= Bomber Task Force =

Current concept for the USAF's strategic bomber fleet

Bomber Task Force (BTF) is a strategic mission that has been undertaken by the Air Force Global Strike Command (AFGSC) of the United States Air Force (USAF) since 2018 to help develop the ability to operate from unfamiliar locations and integrate with allies and partner nations. The BTF is a development of the USAF's Bomber Assurance and Deterrence Missions which began in April 2014. The missions regularly support both Pacific Air Forces (PACAF) and United States Air Forces in Europe – Air Forces Africa (USAFE-AFAFRICA) and are conducted by the USAF's strategic bomber fleet of B-1B Lancers, B-2A Spirits and B-52H Stratofortresses.

==History==
===2018===
The Bomber Task Force mission was created as a response to the 2018 National Defense Strategy which called to develop Dynamic Force Employment where the USAF would use its forces to provide "proactive and scalable options for priority missions." The first Bomber Task Force deployment was undertaken by the 23rd Expeditionary Bomb Squadron (23rd EBS) who deployed four Boeing B-52H Stratofortresses to RAF Fairford, United Kingdom, from Minot Air Force Base, North Dakota, in January 2018. The principal aim of the deployment was to conduct theatre integration.
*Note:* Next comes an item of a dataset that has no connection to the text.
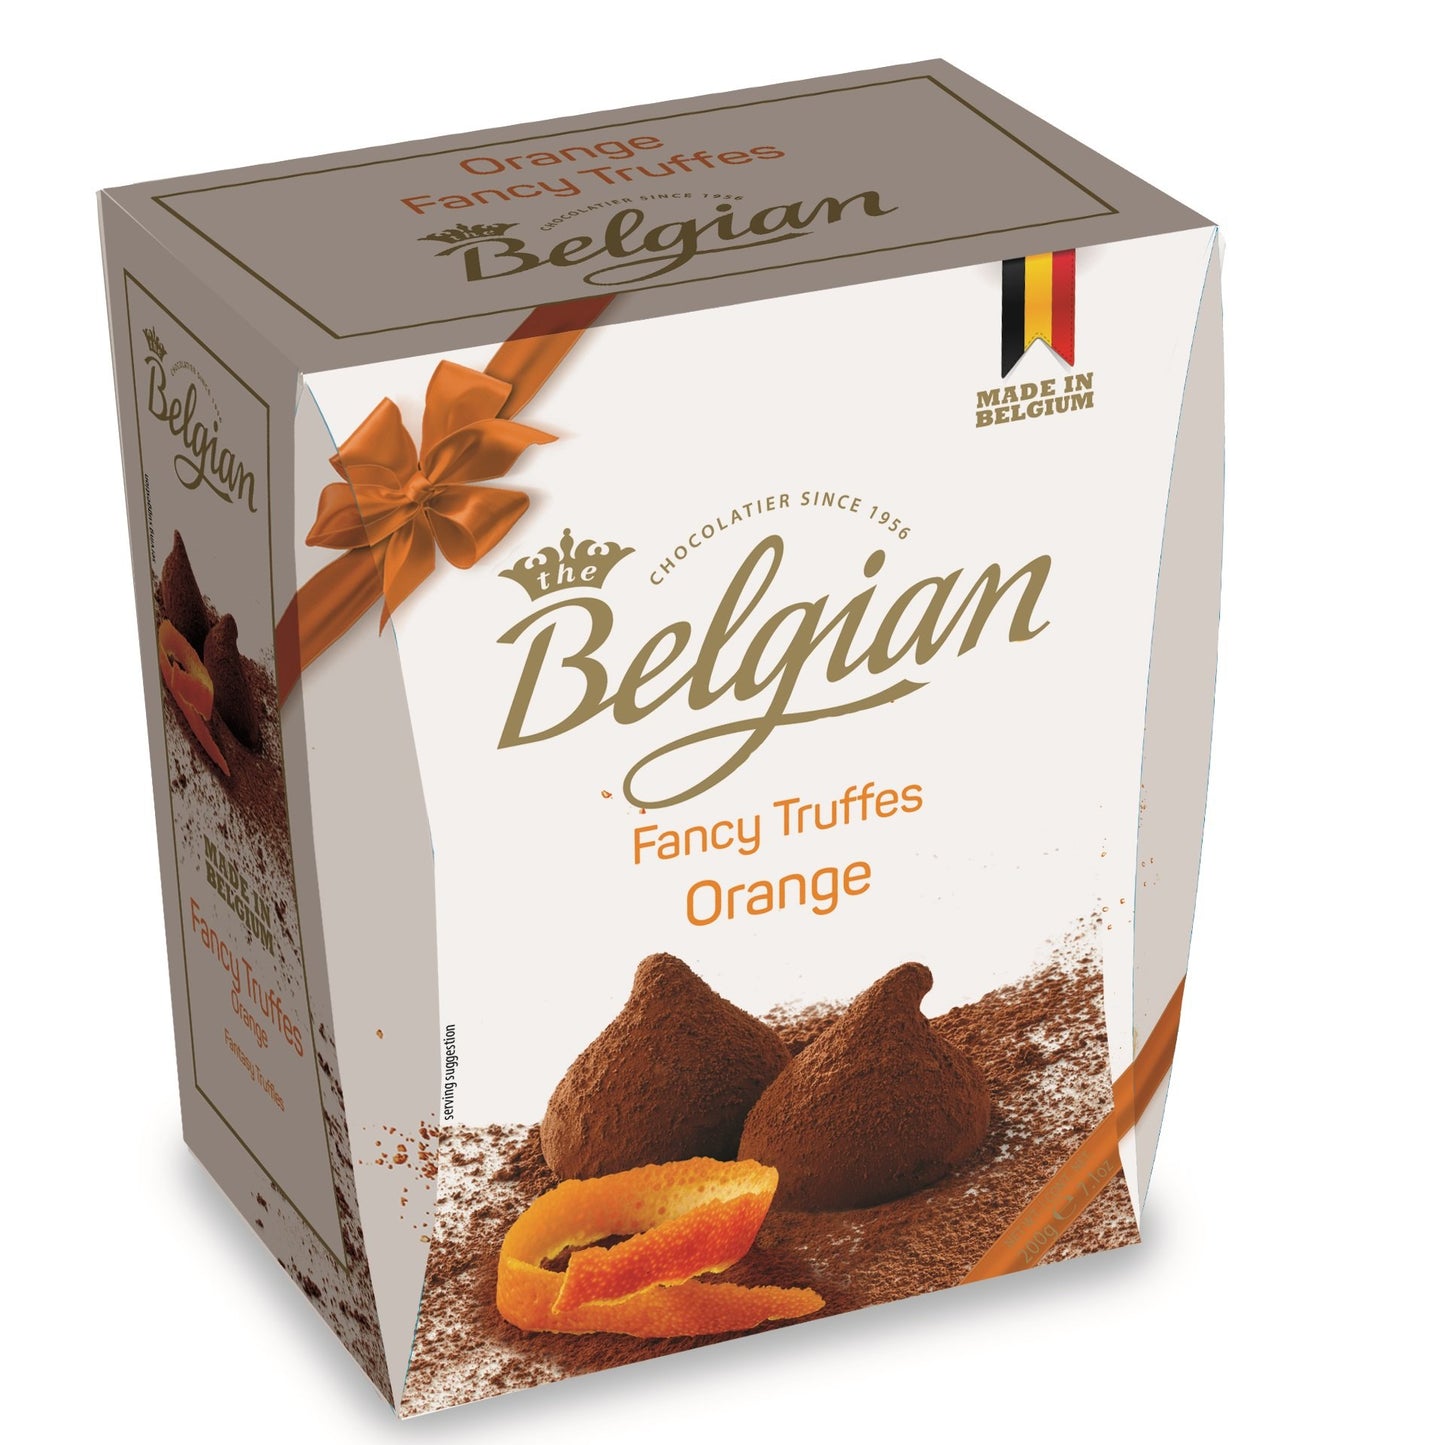 [The Belgian][Truffles][Cocoa Dusted Truffles with Orange Pieces]

This saw the first co-operation between B-52s and the Lithuanian Special Operations Forces. The 393rd Bomb Squadron (393rd BS) carried out the first BTF in the Pacific region, deploying three Northrop Grumman B-2A Spirits to Joint Base Pearl Harbor–Hickam, Hawaii, between 15 August and 27 September 2018. The aim of the mission was to assess the readiness of the B-2A and its airmen as well as to integrate with the local Hawaii Air National Guard units.

===2019===
The BTF mission concept was further developed in 2019 with a deployment of six B-52Hs to RAF Fairford in April 2019, with Col. Michael Miller explaining the deployment was to test whether the 2nd Bomb Wing "could pick up [their] wing, send it somewhere, and see if it [could] operate independently on its own." The deployment of six aircraft marked the largest to Europe since Operation Iraqi Freedom in 2003.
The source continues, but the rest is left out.